16 Mr Smallbone says that questions (a) to (d) may well involve disputed questions of fact. First and foremost, there is the question whether meetings took place and resolutions were passed in the terms and at the times the several minutes suggest. Also, the directors’ minutes use the word “accordingly” to link what is purportedly resolved to a pre-existing circumstance and there may well be a need to show by evidence the nature of and the rationale for the link. Furthermore, Mr Angyal has indicated that reliance would be placed on certain administrative practices of the Commissioner of Taxation of a nature referred to by counsel as “a Nelsonian blind eye”. That too could be a controversial factual area.

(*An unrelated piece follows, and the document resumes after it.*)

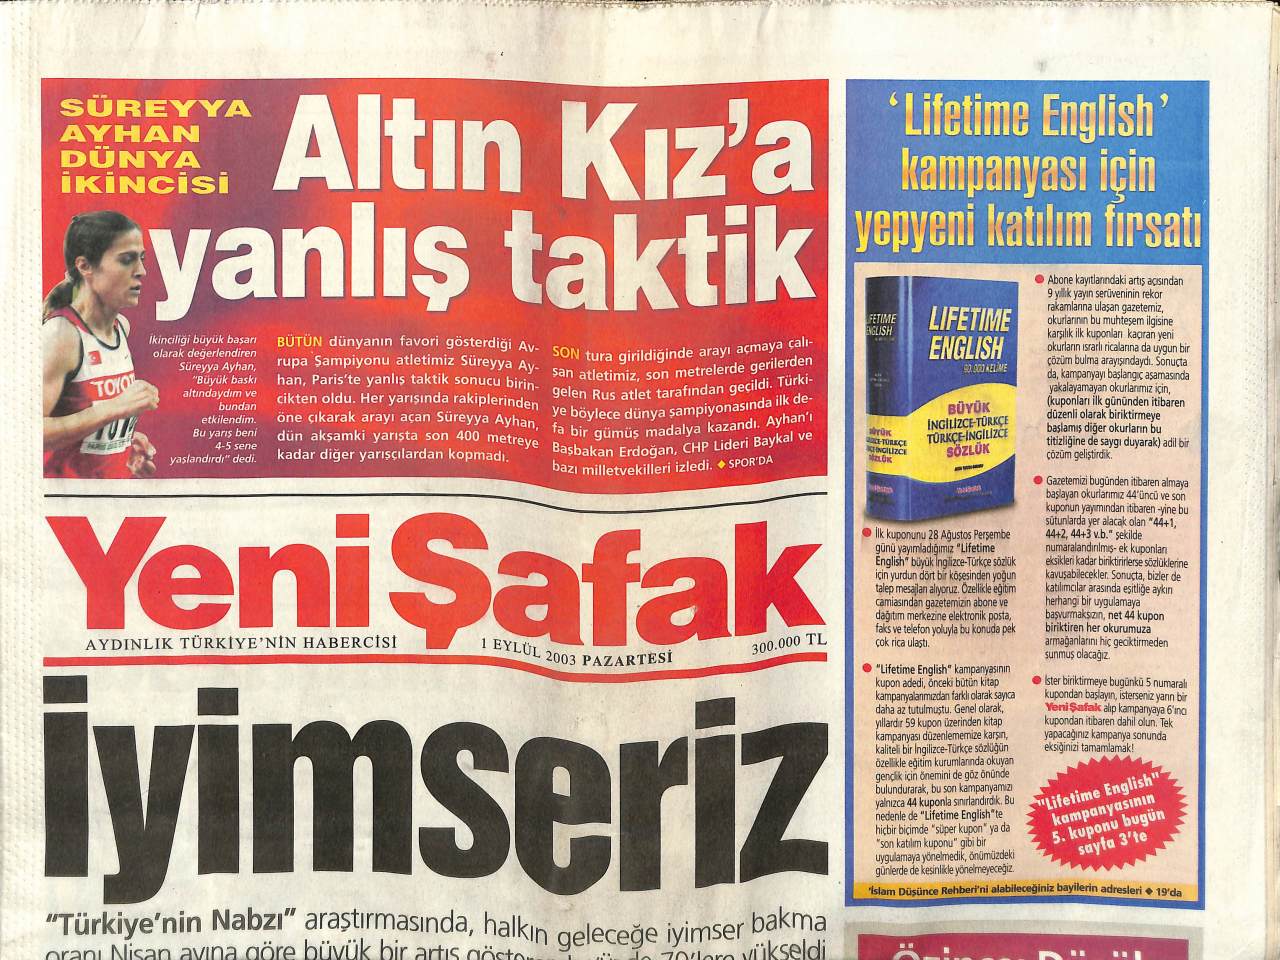 Yeni Safak Gazetesi 1 Eylul 03 Altin Kiz Sureyya Ayhan A Yanlis Taktik Gz Yeni Safak Gazetesi

17 There is substance in what Mr Smallbone says. Questions (a) to (d), viewed separately from question (e), may well turn upon factual matters requiring investigation. There was reference, during the hearing, to a course which might see those questions addressed according to certain assumptions on factual matters. That is not a desirable course. Assumptions (as distinct from agreed facts) would put matters into a hypothetical realm which, if it turned out to be different from the real world, would mean that time and effort had been wasted, rather than saved, through the separate determination.

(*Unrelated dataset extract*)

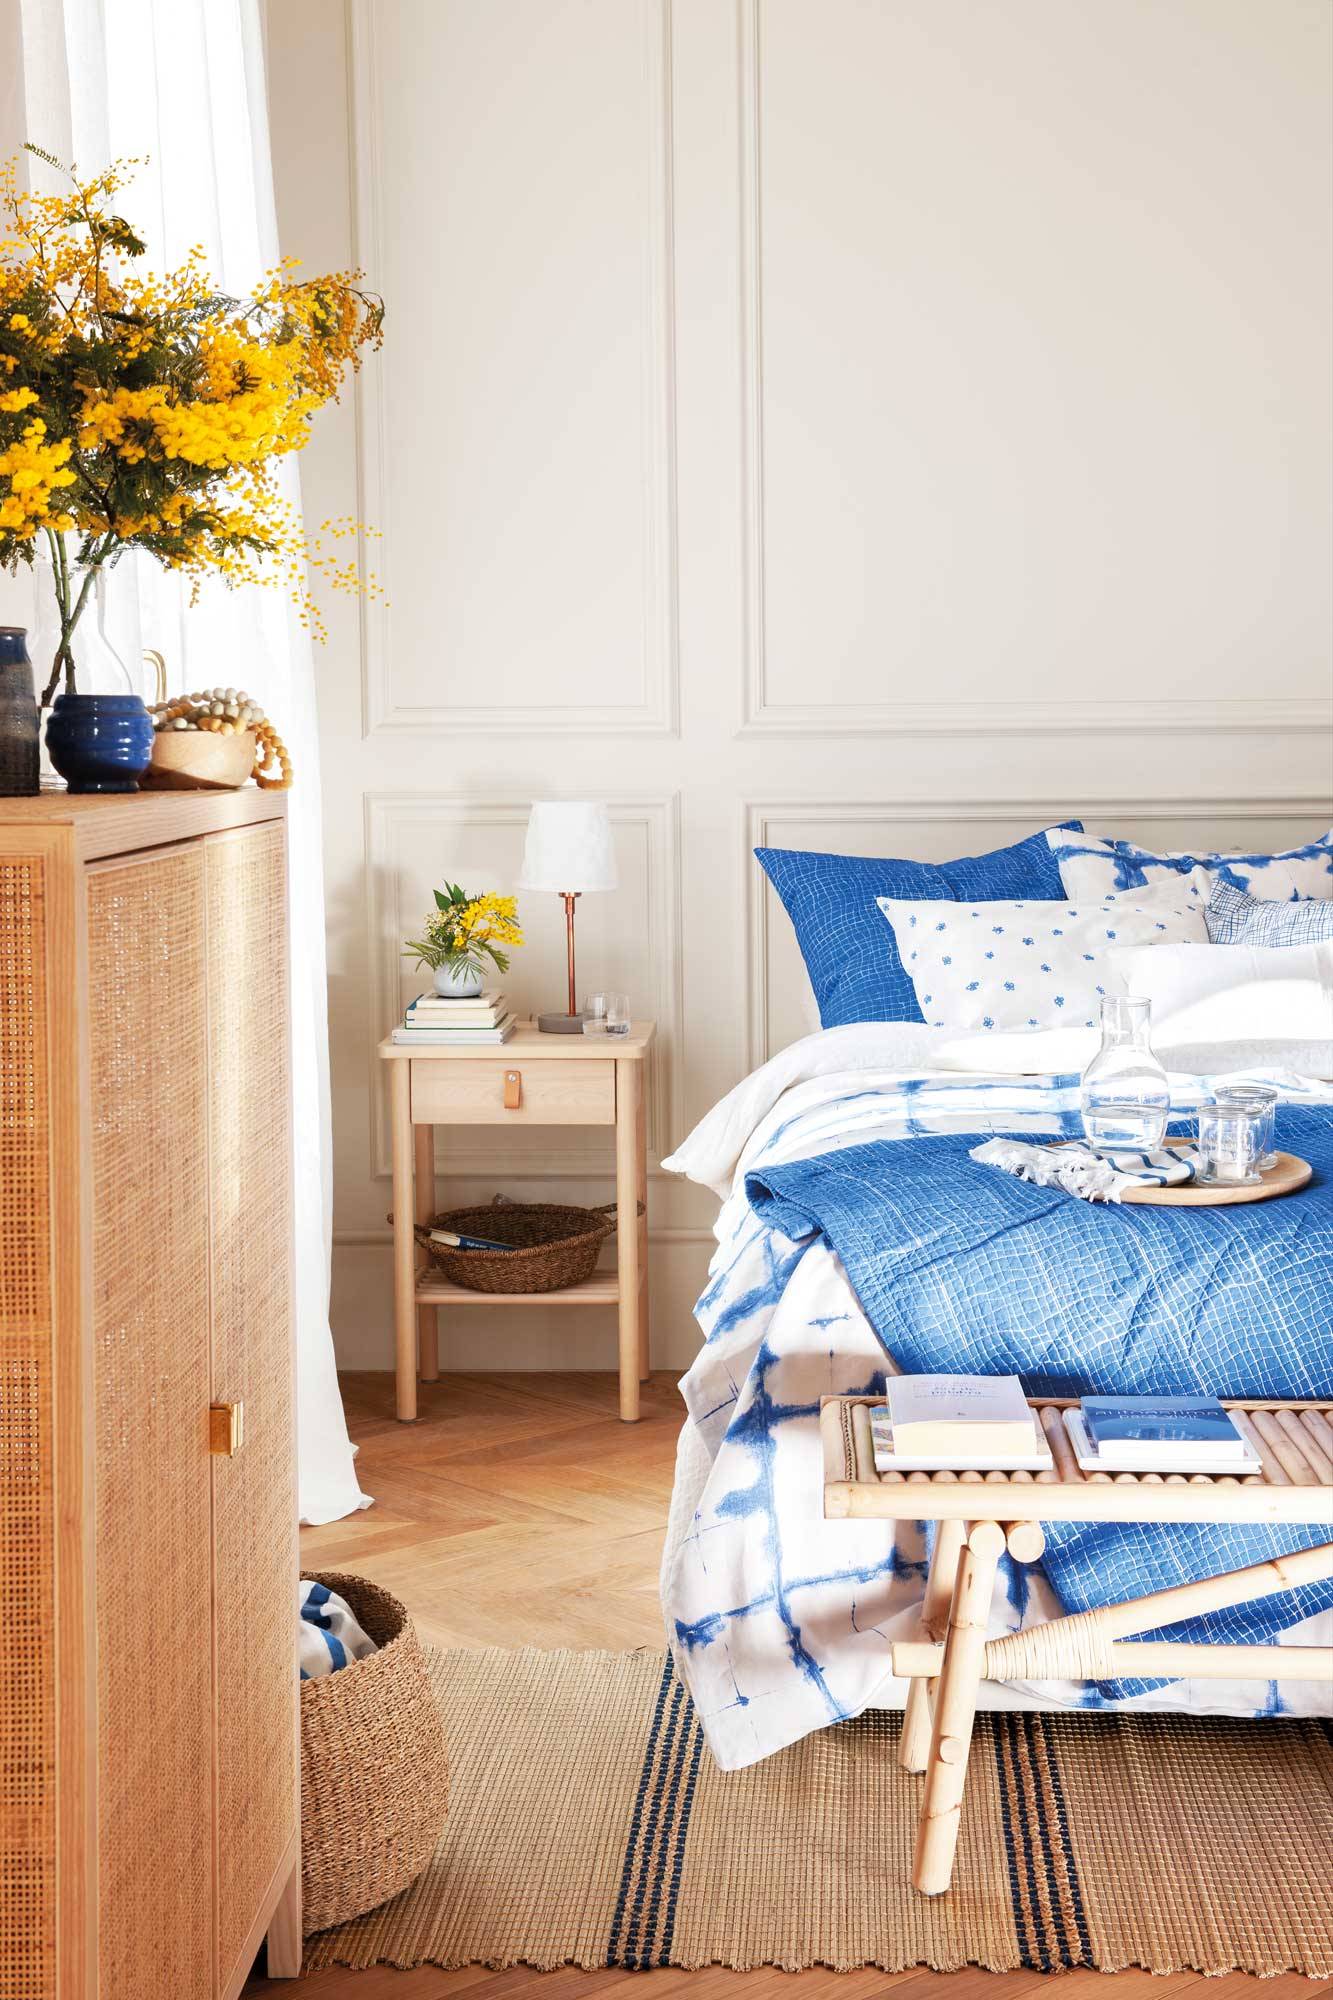 Tendencias decoración verano 2022: dormitorio decorado en azul y blanco

18 I am not satisfied that efficient resolution of these proceedings would be assisted by separate determination of questions (a) to (e) or by separate determination of questions (a) to (d). To the extent that the outcome turns upon questions of construction of the trust deed and directors’ resolutions, those questions will best be addressed in the context of facts as found rather than being approached in an insulated way and on some hypothetical or assumed basis. Overall, I am of the opinion that this is one of the cases to which the following observation of Kirby and Callinan JJ in Tepko Pty Ltd v Water Board (2001) 206 CLR 1 at p.55 applies:
- “The attractions of trials of issues rather than of cases in their totality are often more chimerical than real.”
19 The notice of motion is dismissed with costs.